A Space X rocket suffered a setback on the launch pad this week, but the company’s founder, Elon Musk, is making progress on other fronts. News involving a neural lace—a digital layer for the brain that could one day link humans and machines—may be coming “in a few months.” Elsewhere, Stanford engineers developed a cooling fabric that can efficiently lower body temperature and possibly reduce the need for air conditioning, and researchers in San Diego grew a piece of mouse skull from stem cells. Read on a hopefully grow a synapse or two.
Is Elon Musk Preparing To Unveil A Neural Lace?

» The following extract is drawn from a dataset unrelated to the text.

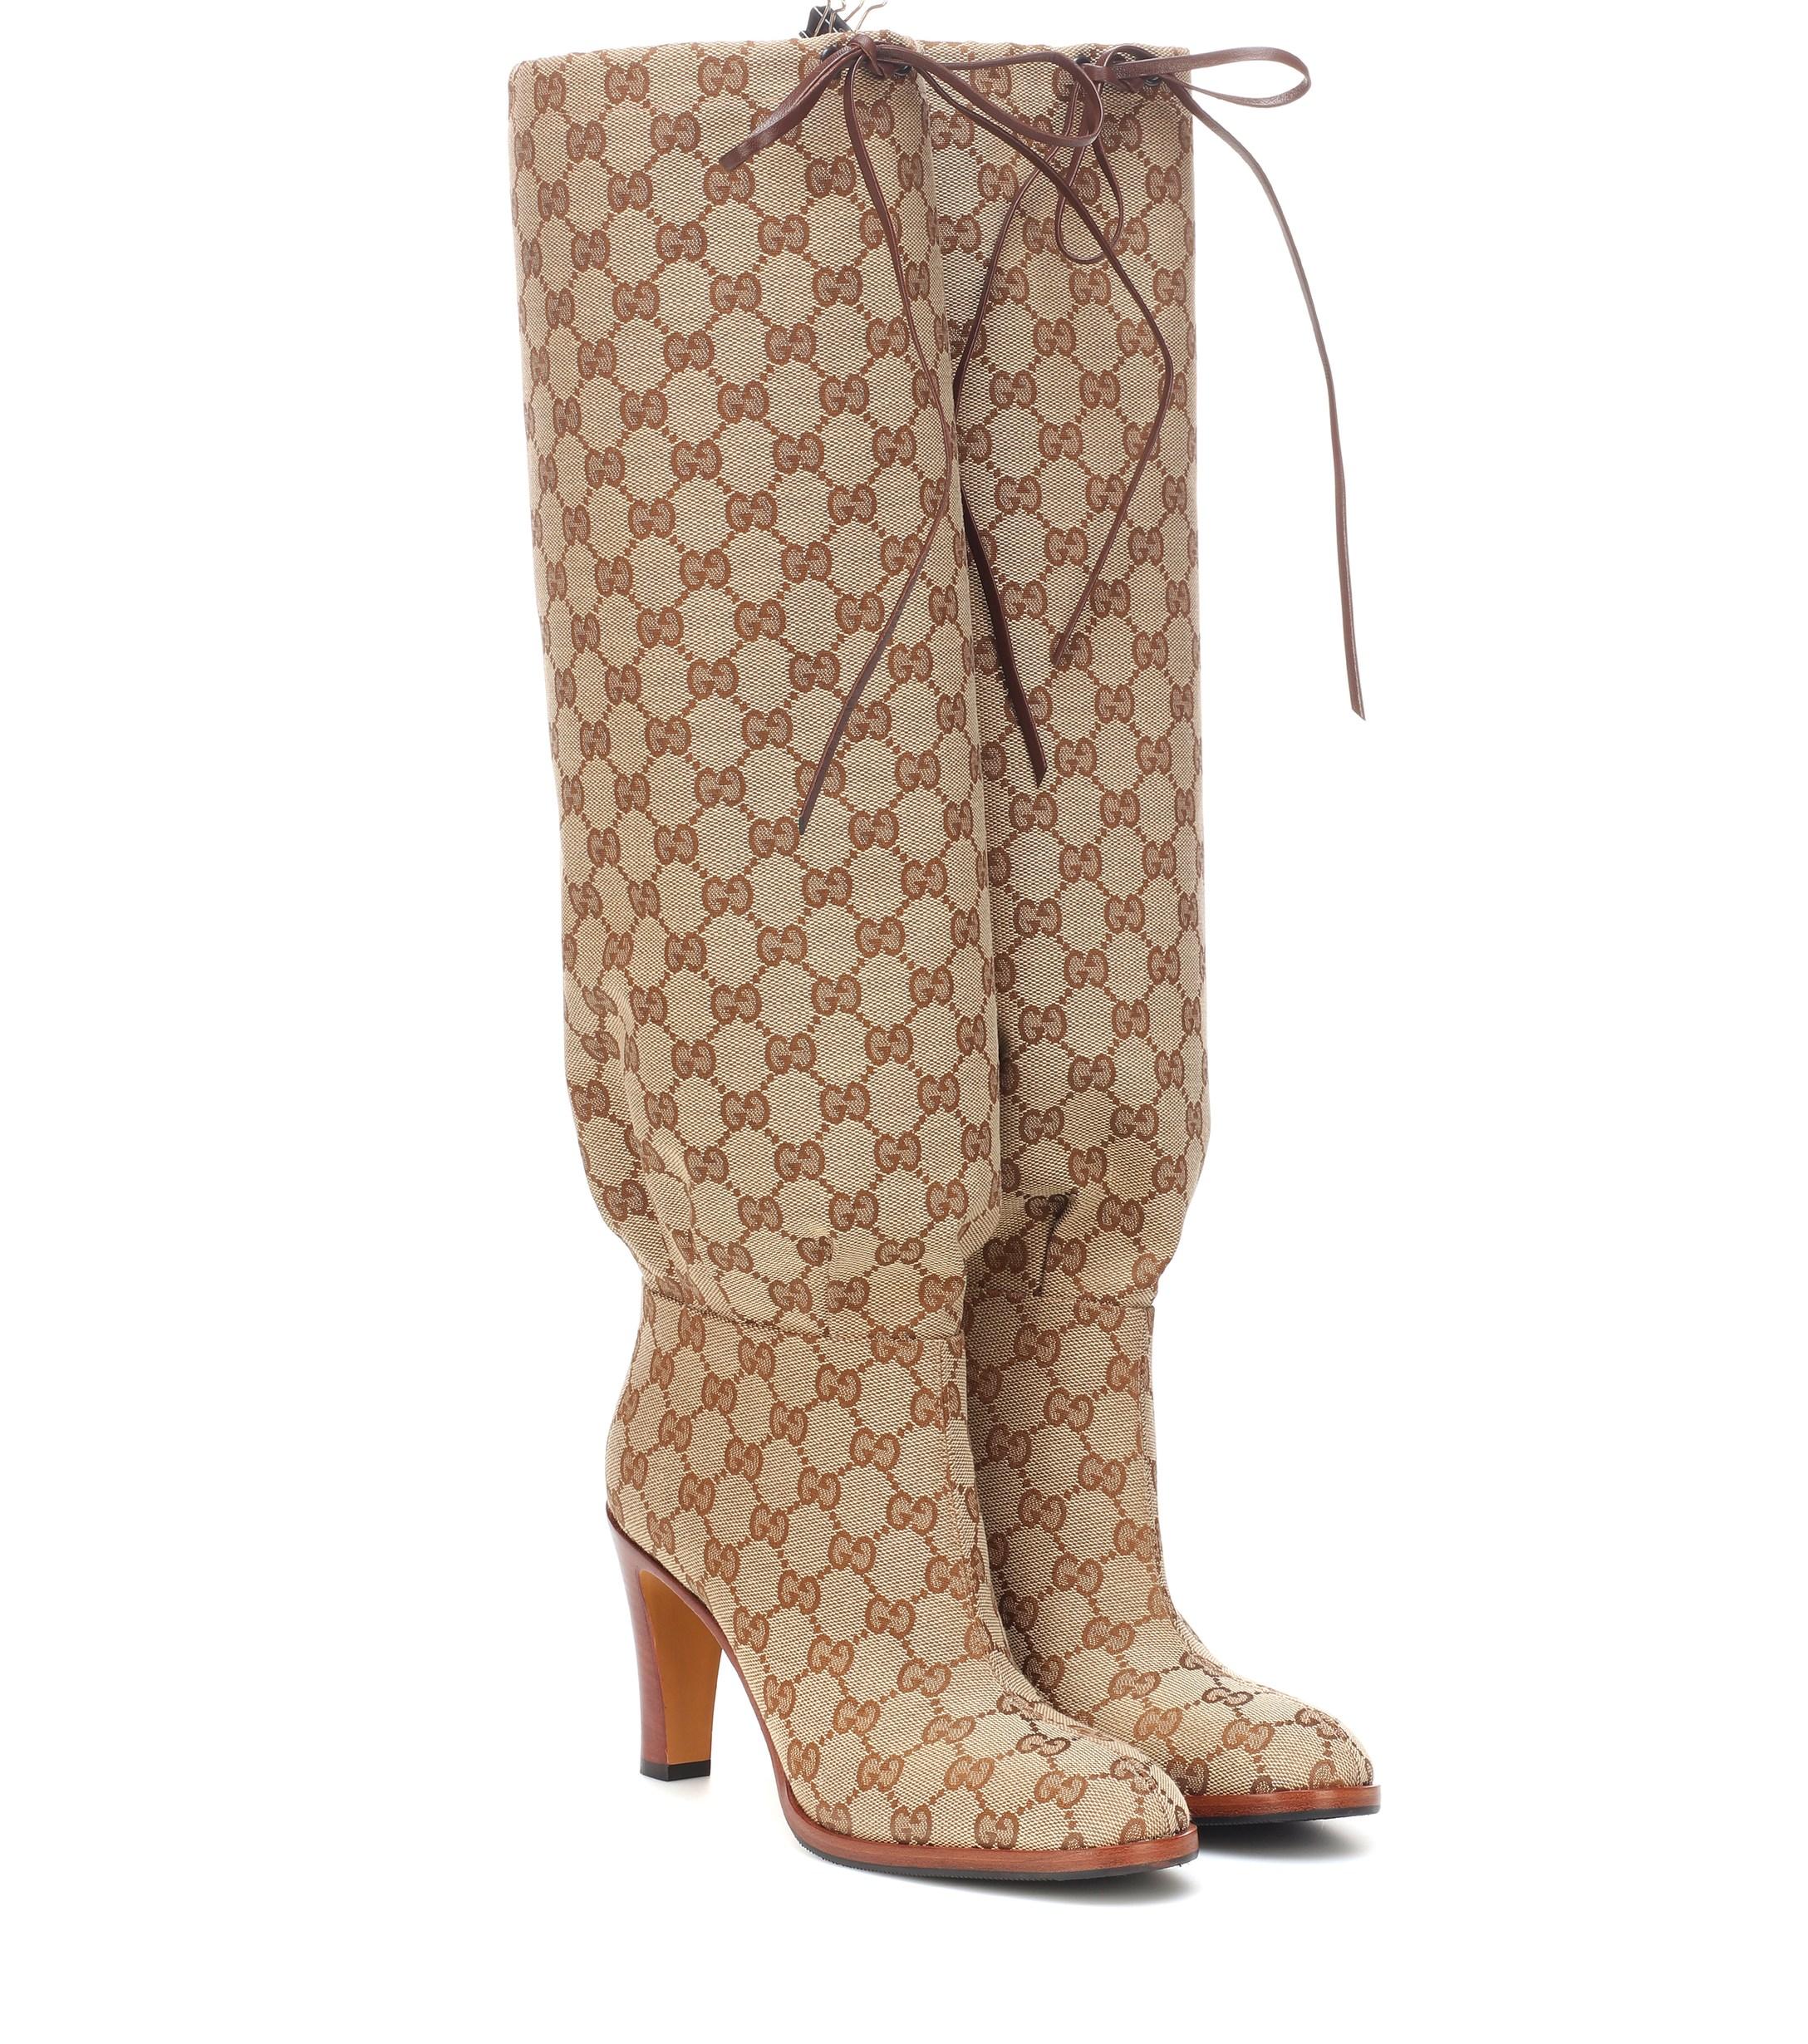 Lyst - Gucci GG Canvas Knee-high Boots

Top: Elon Musk doesn’t want humans to become AI pets. Above: Musk says that a neural lace could interface between humans and machines and help us stay abreast of an AI superintelligence. Images credit: Getty Images
Speaking in June at Recode’s Code conference, the Tesla Motors and Space X founder Elon Musk said he didn’t “love the idea of being a house cat” of an artificial superintelligence. He proposed beating the odds by developing a “neural lace” that could be deployed through the blood system and connect the brain to external networks. “Creating a neural lace is the thing that really matters for humanity to achieve symbiosis with machines,” Musk tweeted. The idea, which first appeared in science fiction, could be becoming a reality. Responding to a question about neural lace development on Twitter on Saturday, Musk wrote: “Making progress. Maybe something to announce in a few months.”
This Cool Fabric Could Help You Cut Your Air Conditioning Bill

Stanford researchers modified a polyethylene sheet with a series of chemical treatments to develop the cooling fabric. Image credit: L.A. Cicero
Engineers at Stanford University have developed a plastic fabric that cools the body and reduces the need for air conditioning. Unlike traditional materials that allow sweat to evaporate, the new fabric also lets most of the body’s heat pass through. The design makes “the wearer feel nearly 4 degrees Fahrenheit cooler than if they wore cotton clothing,” according to a news release. “Forty to 60 percent of our body heat is dissipated as infrared radiation when we are sitting in an office,” said Shanhui Fan, a professor of electrical engineering at Stanford. “But until now there has been little or no research on designing the thermal radiation characteristics of textiles.” His colleague Yi Cui said: “If you can cool the person rather than the building where they work or live, that will save energy.”
Scientists Grow New Mouse Skull From Stem Cells

Researchers in California have found “an easy and efficient way to coax human pluripotent stem cells to regenerate bone tissue.” Illustration credit: Getty images
Ever since they discovered stem cells, doctors have been seeking ways to use them for growing new body parts. Now researchers at the University of California, San Diego say they have found “an easy and efficient way to coax human pluripotent stem cells to regenerate bone tissue—by feeding them adenosine, a naturally occurring molecule in the body.” They say that the bone tissue “helped repair cranial bone defects in mice without developing tumors or causing infection.” Shyni Varghese, a bioengineering professor at UC San Diego and senior author of the study, said: “One of the broader goals of our research is to make regenerative treatments more accessible and clinically relevant by developing easy, efficient and cost-effective ways to engineer human cells and tissues.” The research was published in the journal Science Advances.
Scientists Find A Way To Make Bone Implants From Graphene
Scientists have long hailed graphene as a miracle material. Earlier this year, these single-atom carbon sheets made it onto the World Economic Forum’s annual list of top 10 emerging technologies. Now scientists at Rice University in Houston have succeeded in “welding” flakes of graphene oxide into porous, “biocompatible” materials using a high-pulse electric current. They say that graphene, which is both light and super strong, could one day replace bioimplants made from titanium and other more common materials. “We started thinking about this for bone implants because graphene is one of the most intriguing materials with many possibilities and it’s generally biocompatible,” said Rice postdoctoral research associate Chandra Sekhar Tiwary.
Aussie Scientists Set New Solar Thermal Record
Scientists at the Australian National University in Canberra have set a new world record for converting sunlight into steam. The team achieved a conversion rate of 97 percent. The steam can power a turbine and generate electricity. “Ultimately the work in this project is all about reducing the cost of concentrating solar thermal energy,” said John Pye of the ANU Research School of Engineering. “Our aim is to get costs down to 12 cents per kilowatt-hour of electricity, so that this technology will be competitive.” Pye and his team used a mirror with a surface of 500 square meters (roughly 5,300 square feet) to concentrate solar beams to the equivalent of 2,100 suns. They used the energy to heat water five times above its boiling point, to 500 degrees Celsius. The ANU solar concentrator is the largest of its kind in the world, according to the university.